Rangkaian kegiatan tersebut dilaksanakan sebagai upaya meningkatkan pengetahuan, keterampilan, dan kesadaran masyarakat melalui edukasi pengelolaan keuangan UMKM, literasi hukum, pengelolaan perpustakaan, kesadaran lingkungan, serta pemanfaatan pembayaran digital.
Berbagai program tersebut menyasar kelompok masyarakat yang berbeda, mulai dari pelaku UMKM, Karang Taruna, hingga siswa sekolah dasar. Kegiatan dilaksanakan melalui metode sosialisasi interaktif, diskusi, pendampingan, praktik langsung, serta penyediaan media edukasi dan panduan yang dapat dimanfaatkan setelah kegiatan berlangsung.

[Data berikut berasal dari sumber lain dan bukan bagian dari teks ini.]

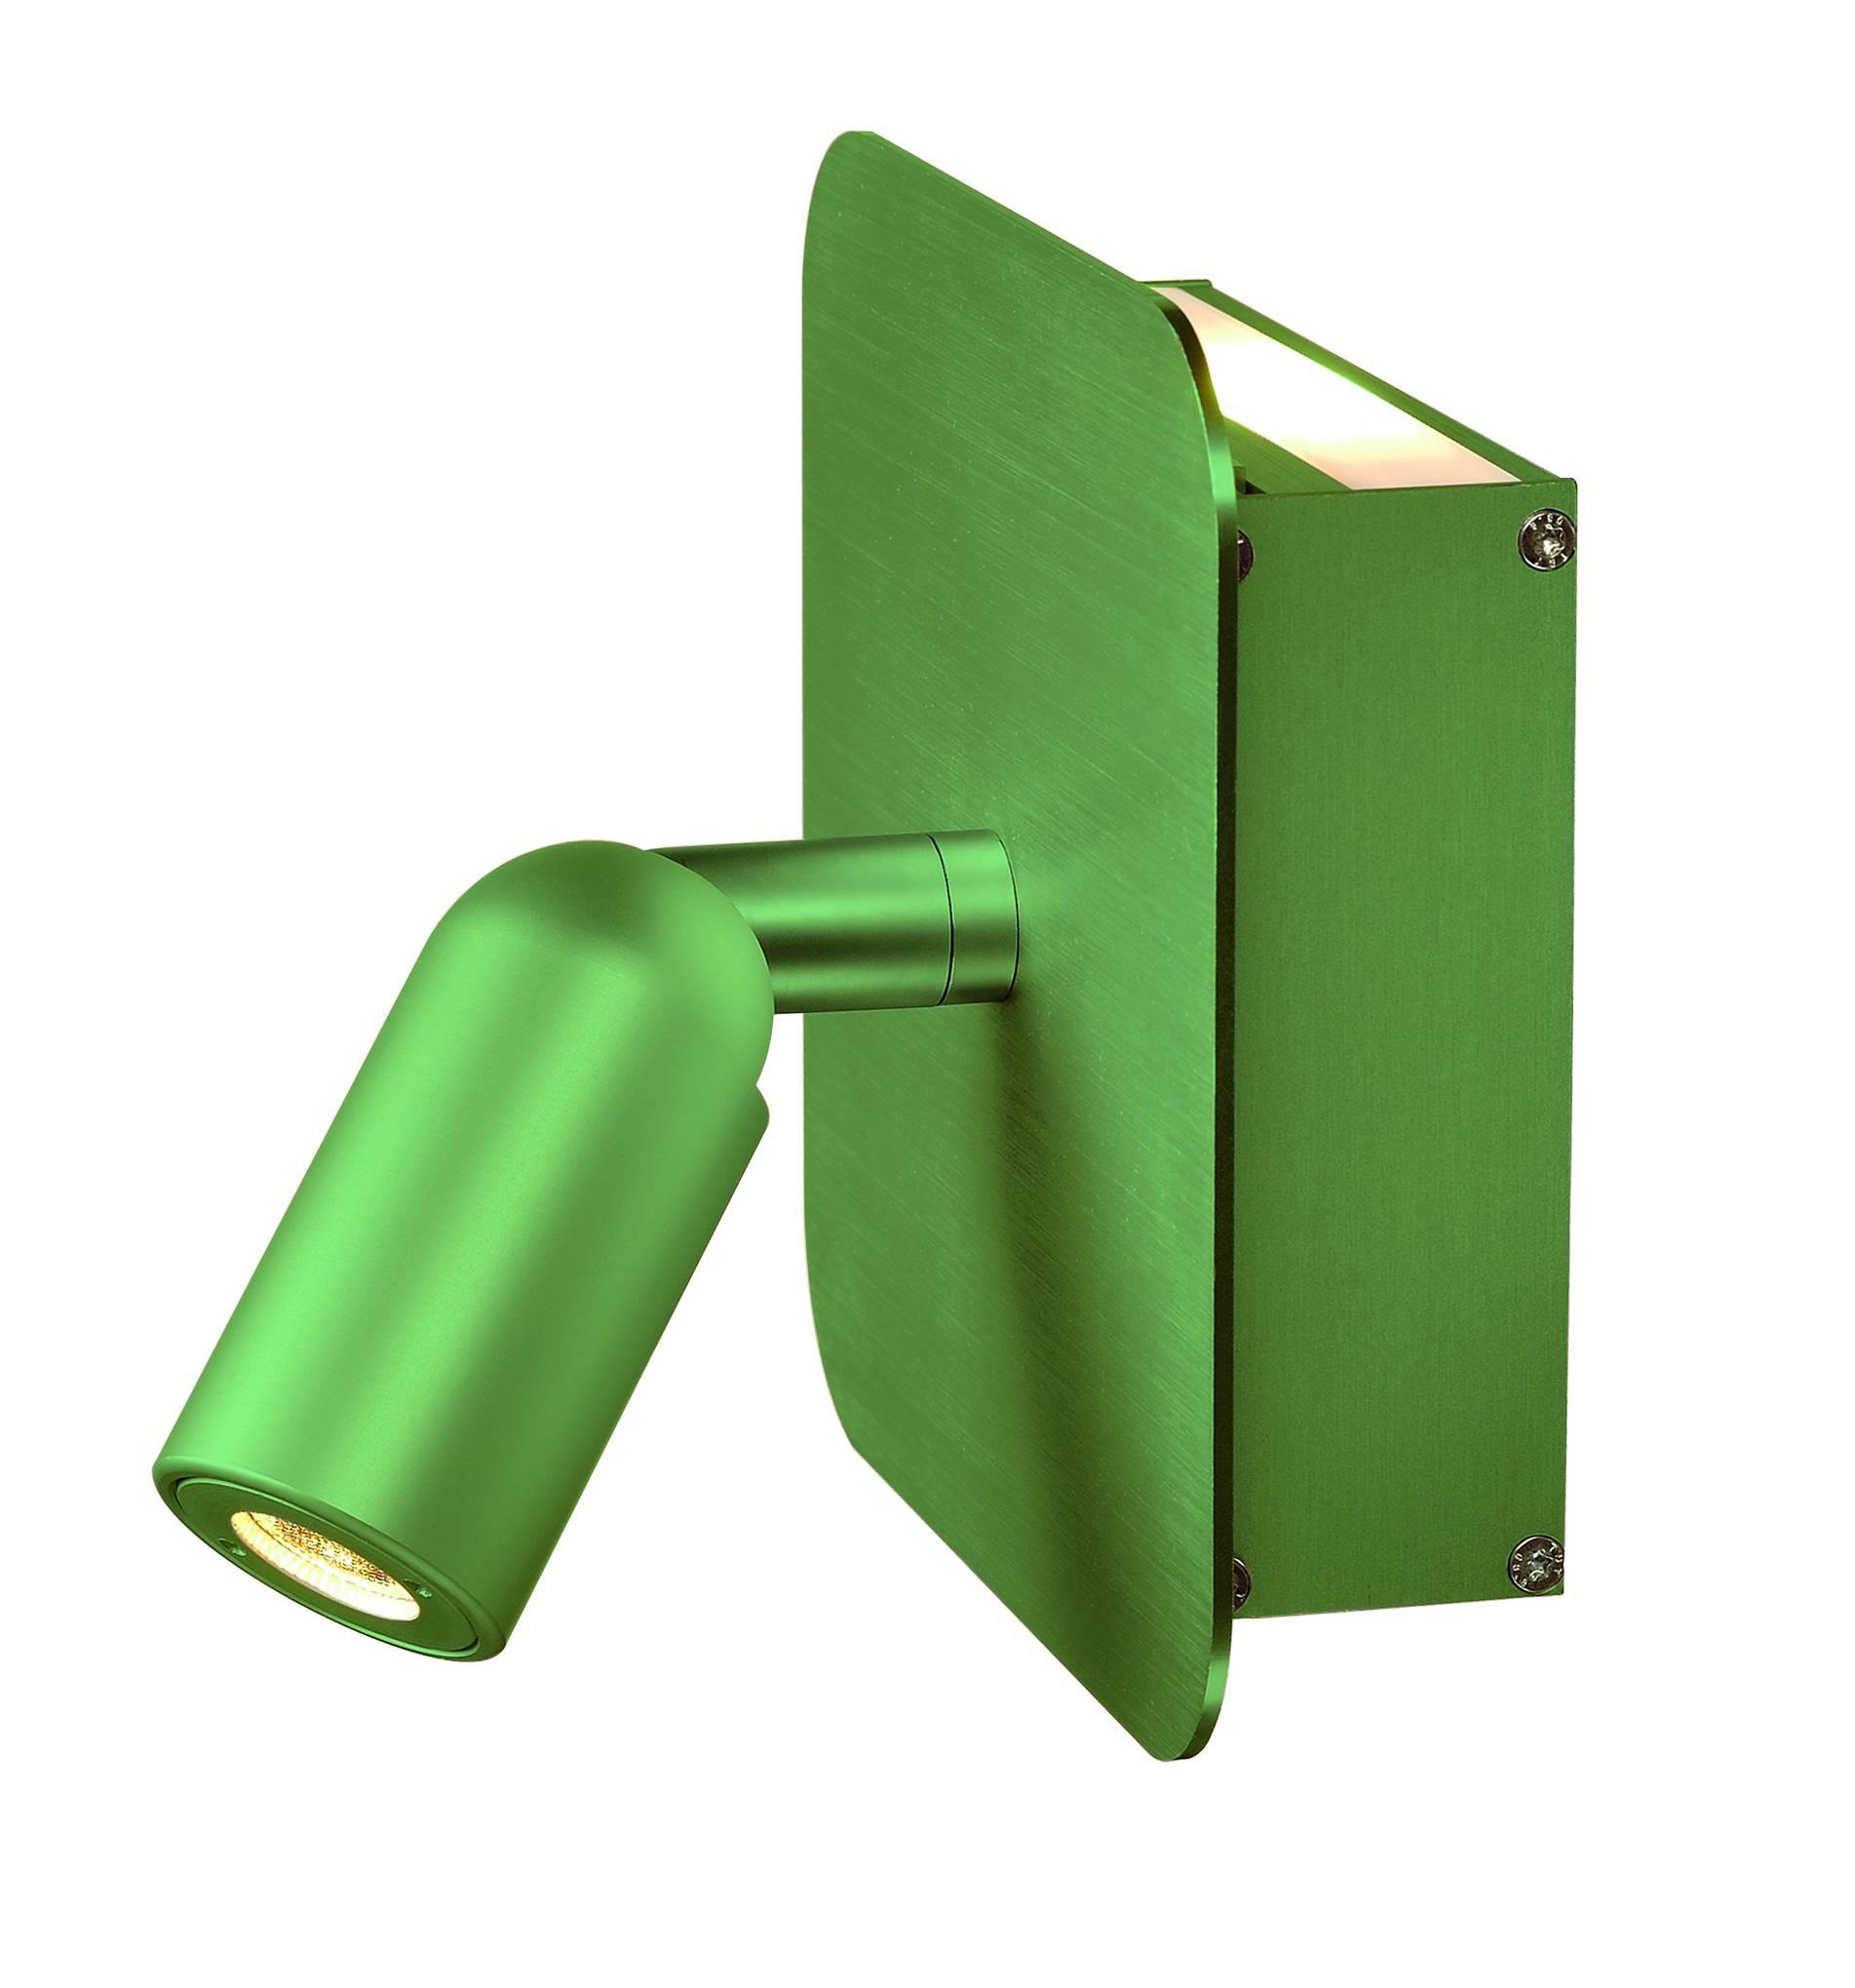 1 Stk NAPIA Wandleuchte, grün LI155105--

Salah satu program dilaksanakan oleh Muhammad Luthfan Athari melalui “Edukasi Pengelolaan Keuangan Sederhana bagi Pelaku UMKM Desa Mendak”. Program ini bertujuan meningkatkan pemahaman pelaku UMKM mengenai pentingnya pengelolaan keuangan usaha secara sederhana dan tertib. Dalam kegiatan tersebut, pelaku UMKM diberikan edukasi mengenai pemisahan keuangan usaha dan pribadi, pencatatan pemasukan dan pengeluaran, serta perhitungan laba sederhana.

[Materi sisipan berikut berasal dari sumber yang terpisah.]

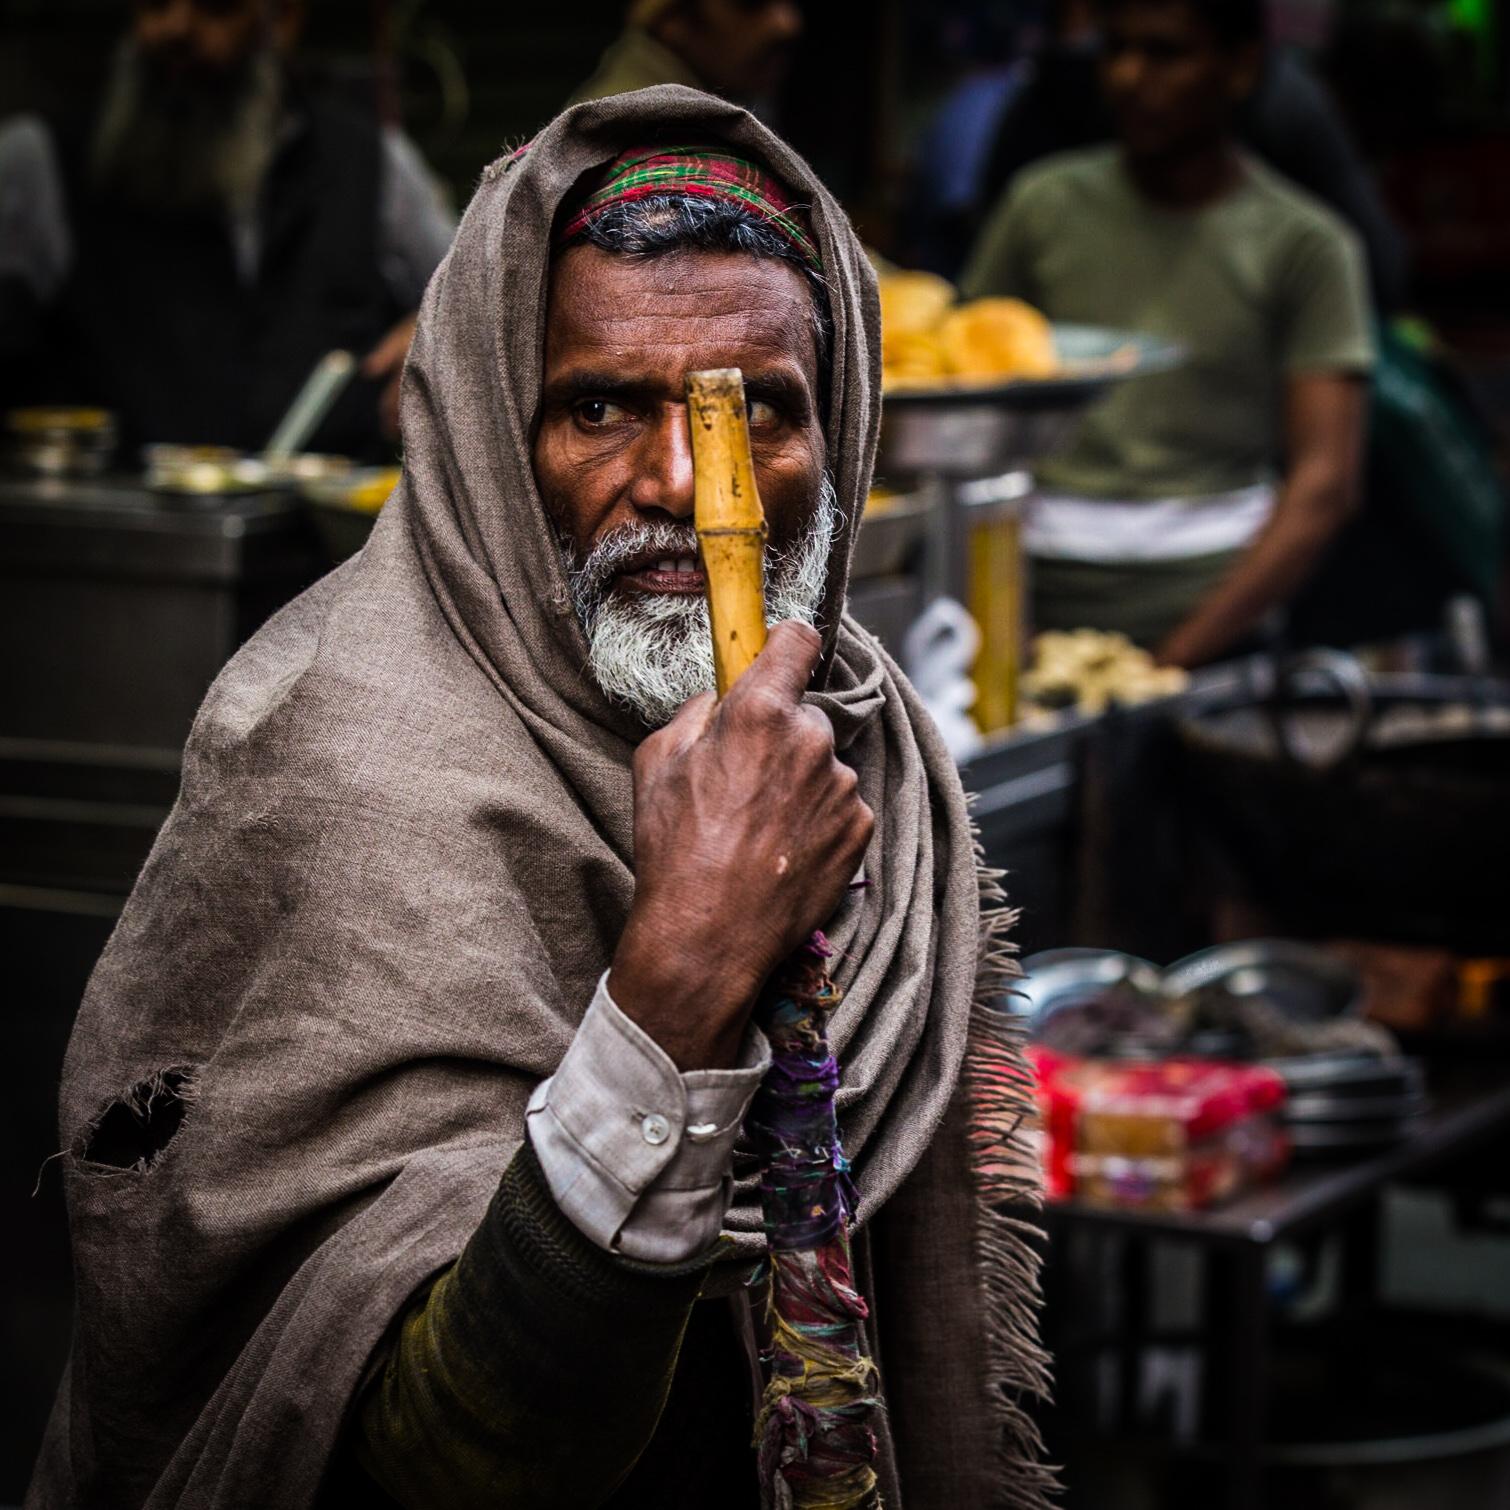 pilgrim, Delhi India

Pendampingan juga dilakukan melalui praktik pengisian Buku Catatan Kas Harian dan Rekapitulasi Bulanan Sederhana. Format pembukuan dirancang secara fleksibel dengan bahasa yang mudah dipahami tanpa menggunakan istilah akuntansi yang rumit.
Salah satu fokus pendampingan adalah membiasakan pelaku UMKM mencatat pengambilan pribadi atau prive secara disiplin, termasuk menyesuaikan pencatatan transaksi non-tunai dengan saldo kas. Melalui kegiatan tersebut, pelaku UMKM mampu mempraktikkan pencatatan kas masuk, kas keluar, hingga penghitungan saldo akhir secara mandiri dan tepat.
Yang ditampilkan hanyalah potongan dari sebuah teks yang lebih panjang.